ENTREVISTA

"Quero trazer inovação ao serviço público", diz deputado Fernando Monteiro

Presidente da Comissão Especial da reforma administrativa pretende construir as bases do funcionalismo do século 21. Ele garante que ouvirá todas as partes envolvidas, defende avaliação de desempenho e afirma que estabilidade não é pré-condição

Carlos Alexandre de Souza
Ana Dubeux
Ana Maria Campos
postado em 12/06/2021 06:00
"Vai ter divergência? Vai. Vai ter discussão acalorada? Vai. Daí a importância de garantirmos o amplo debate, democrático e respeitoso. Serei um permanente vigilante para mantermos o debate no mais alto nível" - (crédito: Camara dos Deputados/Divulgação)

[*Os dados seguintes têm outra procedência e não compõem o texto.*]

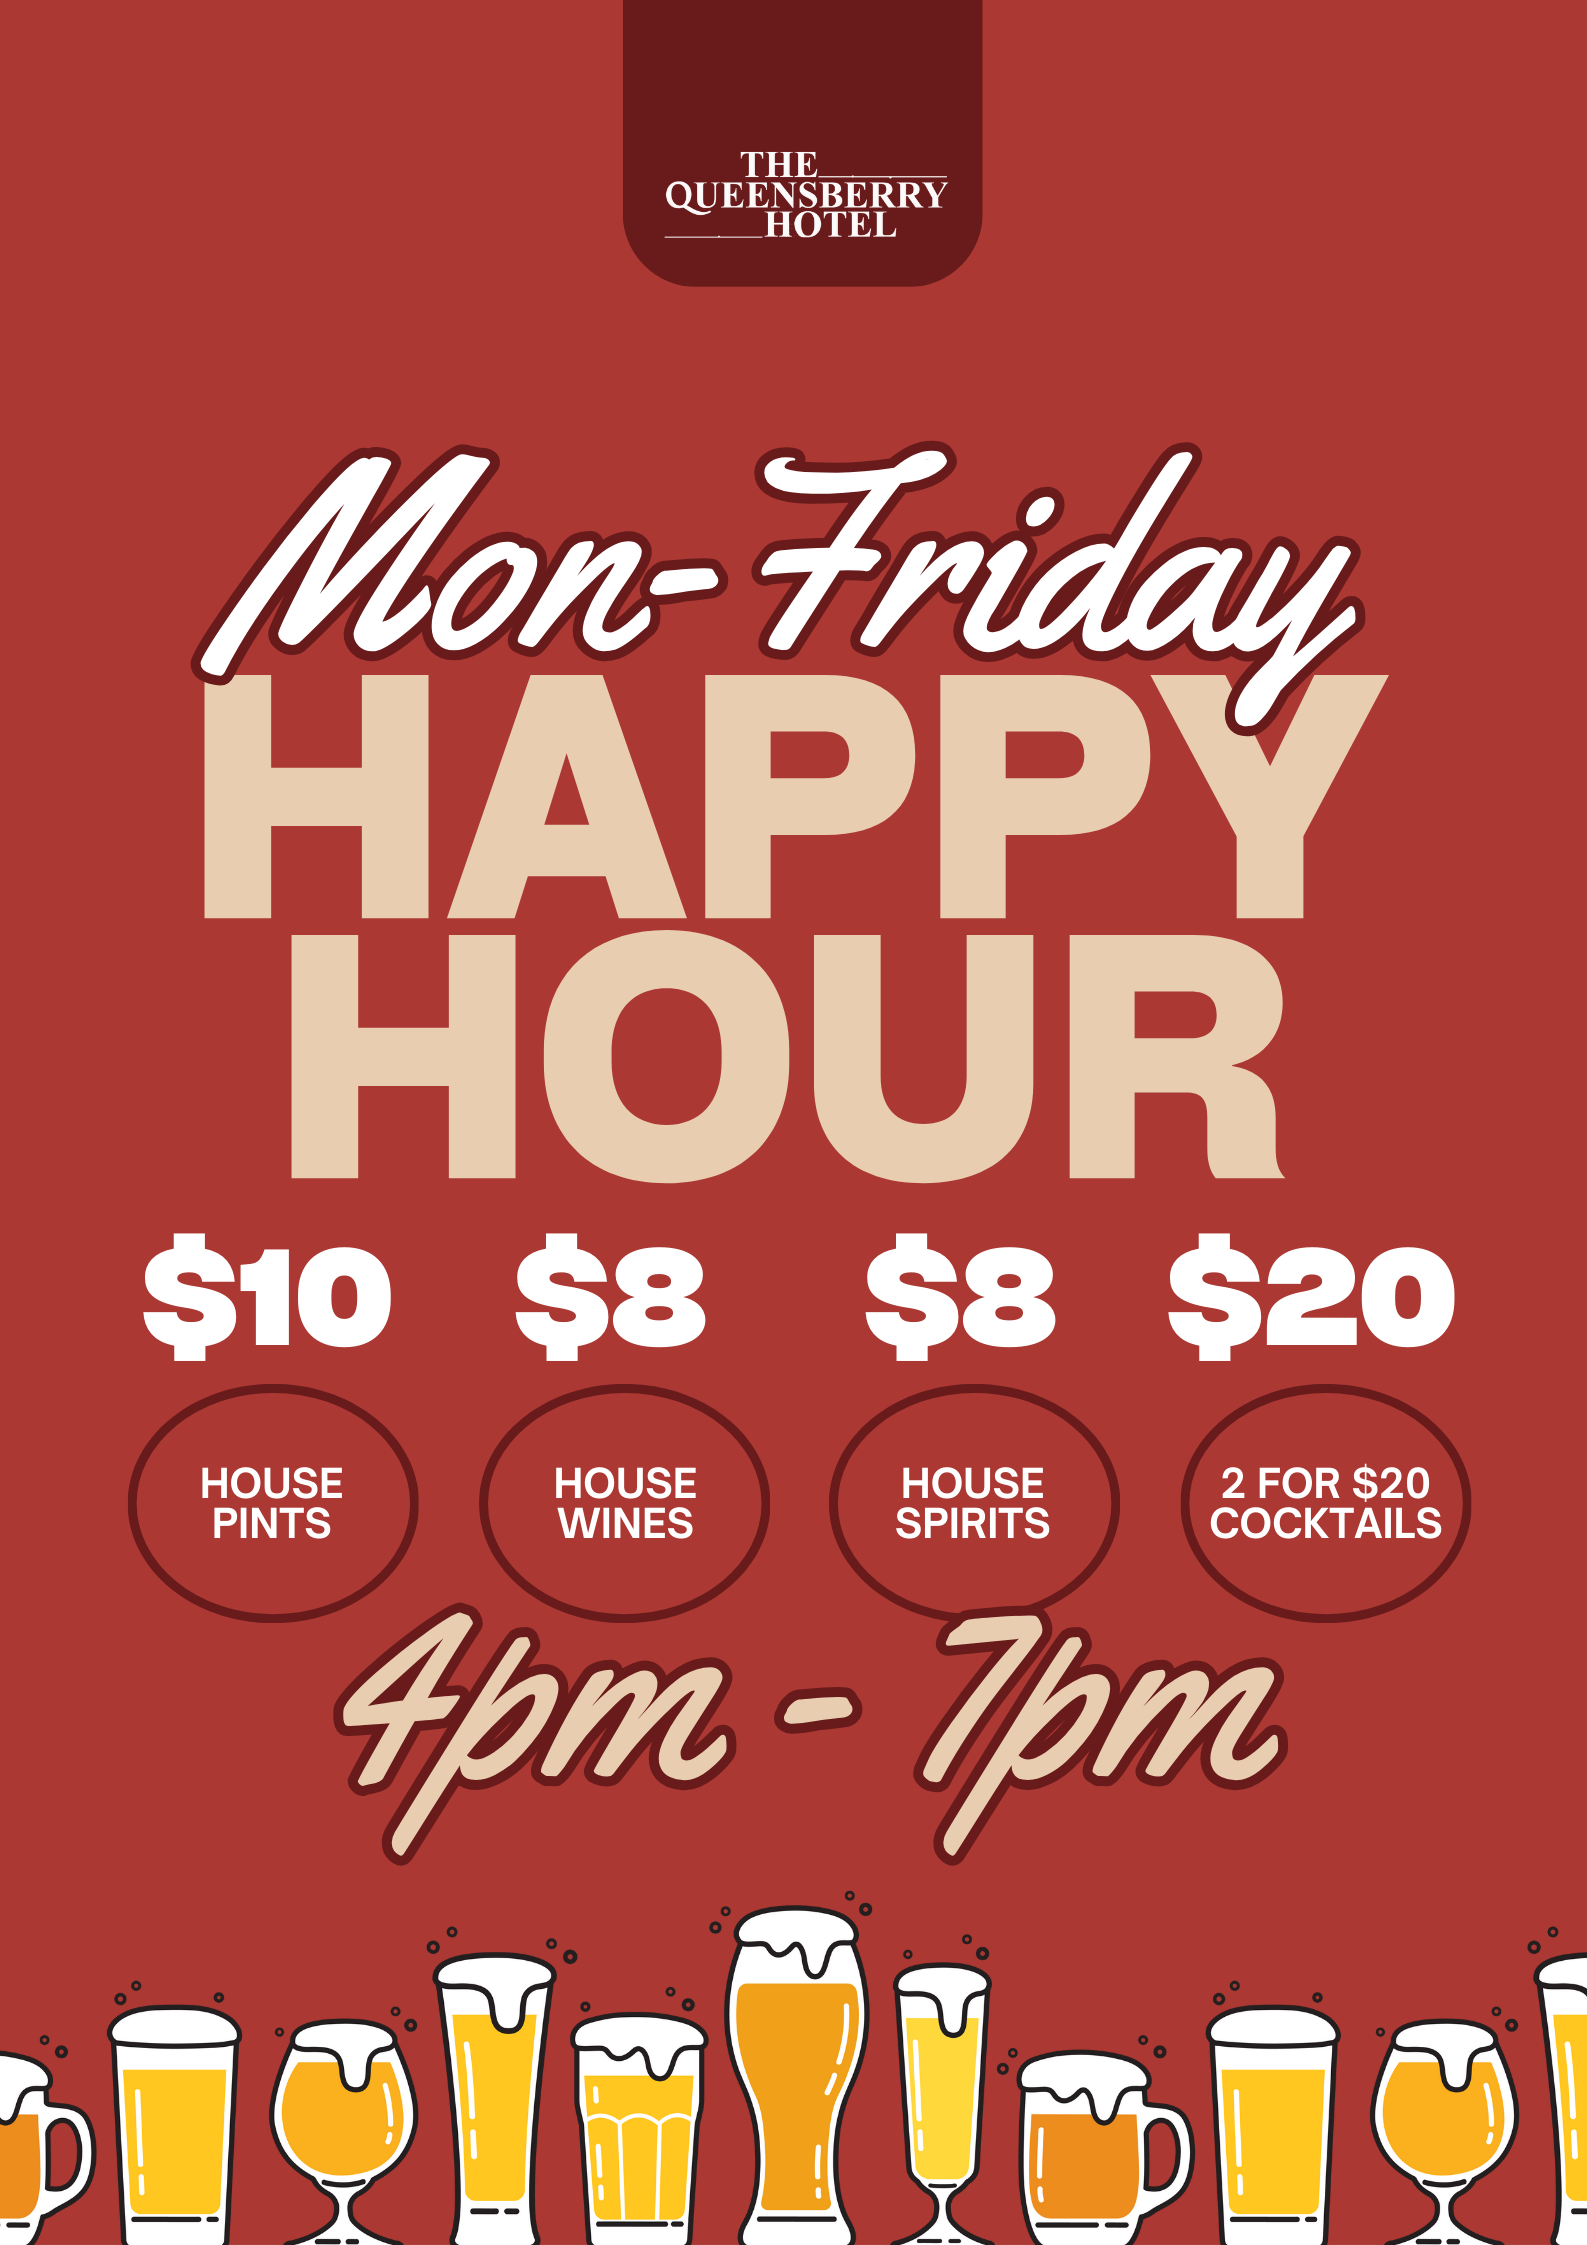 Happy Hour At Queensberry Hotel!

Escolhido esta semana para presidir a Comissão Especial da reforma administrativa, o deputado Fernando Monteiro (PP-PE) sabe que não faltarão controvérsias nos debates para corrigir distorções do funcionalismo público. Estão em jogo benefícios — ou privilégios, diriam muitos — que estão em vigor há décadas. Na avaliação de Monteiro, o fim da estabilidade para algumas carreiras do funcionalismo público é seguramente um dos debates mais polêmicos. Um ponto, no entanto, o parlamentar assegura: as novas regras não vão atingir os atuais servidores, apenas quem ingressar após a aprovação da PEC (Proposta de Emenda Constitucional) 32/20.

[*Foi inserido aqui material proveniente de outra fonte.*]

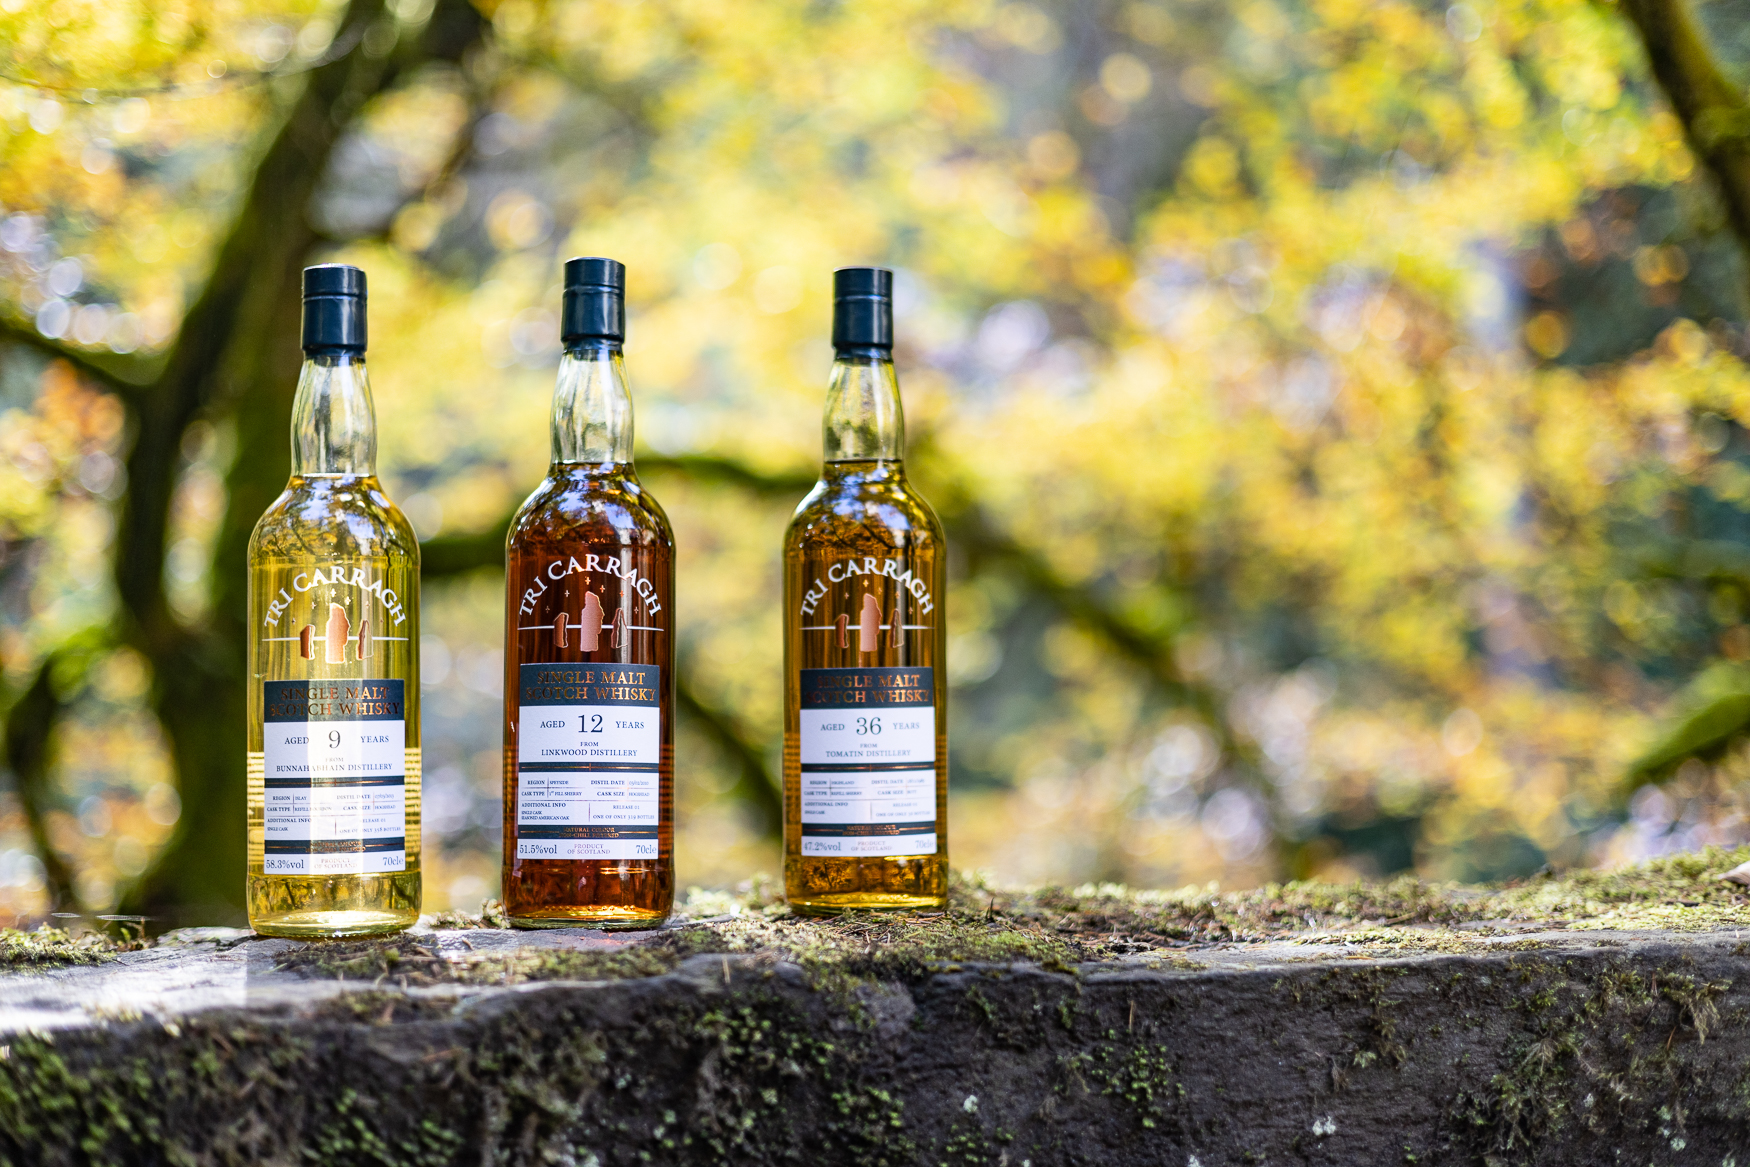 Luxury whisky brand calls out for applications for the BEST job in the world

Monteiro lembra, no entanto, outras questões delicadas. Diz que não é ponto pacífico, como expresso no texto enviado pelo Executivo, a manutenção de benefícios a militares, parlamentares, magistrados e membros do Ministério Público. Com a pressão popular, acredita o presidente da Comissão, essa parte da proposta pode ser alterada. Monteiro vê a a reforma administrativa como uma oportunidade para se discutir avanços necessários na administração pública, em um país tão carente de serviços ao cidadão. “Quero trazer o funcionalismo público para o século 21”, promete o deputado, nesta entrevista ao Correio. A ver.

Como presidente de uma comissão especial que vai mexer com a vida de tanta gente, qual é a sua missão e o seu propósito?

A minha primeira e principal missão será a de garantir que todos os segmentos — sindicatos e associações de servidores, de empresários, governo e especialistas — sejam ouvidos. A palavra-chave será “diálogo”. A profundidade da reforma da modernização do Estado exige da Comissão uma postura de ouvir todos os lados, aprofundar os temas e definir a melhor reforma para o cidadão. É a ele que estamos servindo.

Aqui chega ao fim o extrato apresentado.